Ci sono dati di fatto talmente sorprendenti, e sgraditi, che se ne parla poco perché non ci si vuol credere. O perché, semplicemente, parlarne fa paura. Il principale fra questi è la prossima interruzione di forniture di gas russo all’Italia. Non è ancora una certezza, per fortuna, ma è molto probabile. Se ciò avvenisse, il Governo non potrebbe fare altro che razionare l’energia, con una forte penalizzazione per il settore manifatturiero. Come vedremo meglio più avanti, infatti, se si vuole garantire illuminazione e riscaldamento alle case degli italiani, e anche le altre attività essenziali (dalla viabilità alla produzione di alimenti e farmaci) di gas per l’industria ne resta circa la metà di quello a disposizione attualmente.

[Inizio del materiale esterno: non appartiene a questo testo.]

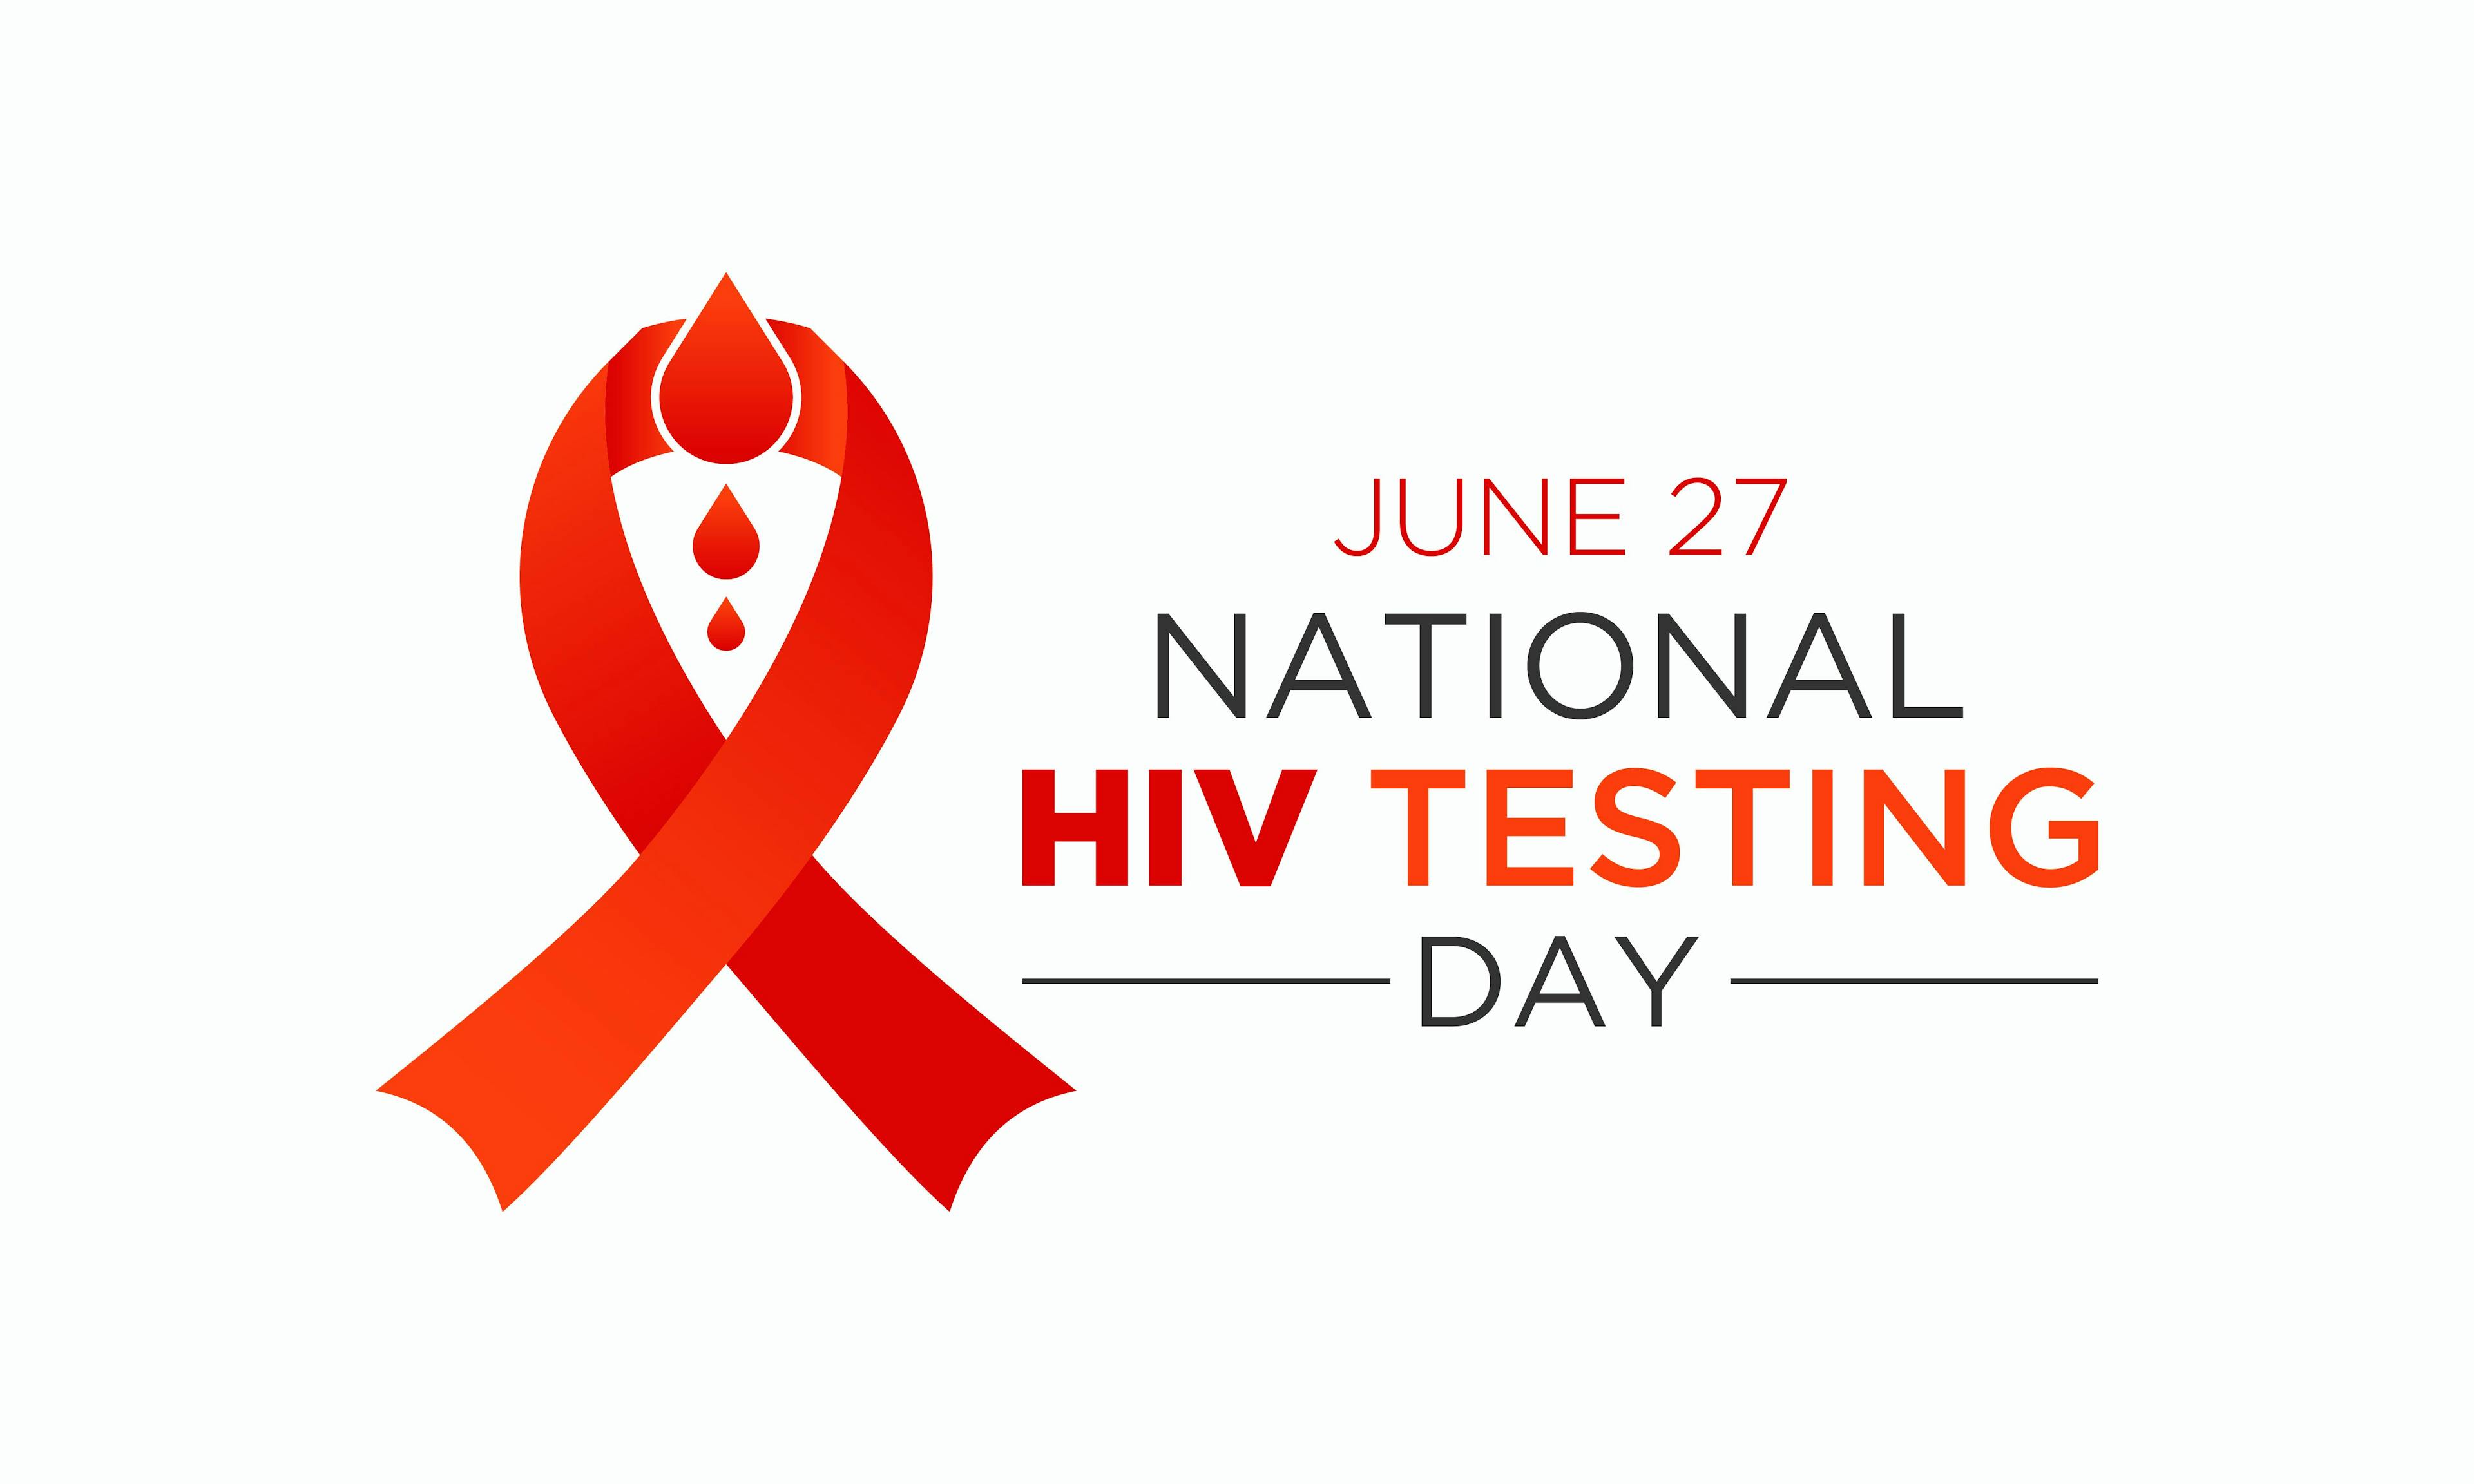 National HIV Testing Day encourages individuals to self-test for HIV as a means of demonstrating their compassion for themselves. | Image credit: ReotPixel - stock.adobe.com

L’Italia, come ben noto, è la seconda manifattura europea e la settima al mondo. E molti settori portanti sono energivori a cominciare da siderurgia e fonderie; produzione di piastrelle, vetro, carta; cemento e calce; chimica. E allora? A chi darlo? A quali aziende, settori, filiere produttive? E a chi negarlo? Sulla base di quali criteri? L’occupazione? La centralità per le esportazioni e la bilancia dei pagamenti? La ricchezza prodotta? La dimensione di impresa? Sono domande alle quali i decisori politici dovrebbero saper rispondere ben prima che questo evento si verifichi, con adeguati piani di emergenza. Anzi di politica industriale d’emergenza.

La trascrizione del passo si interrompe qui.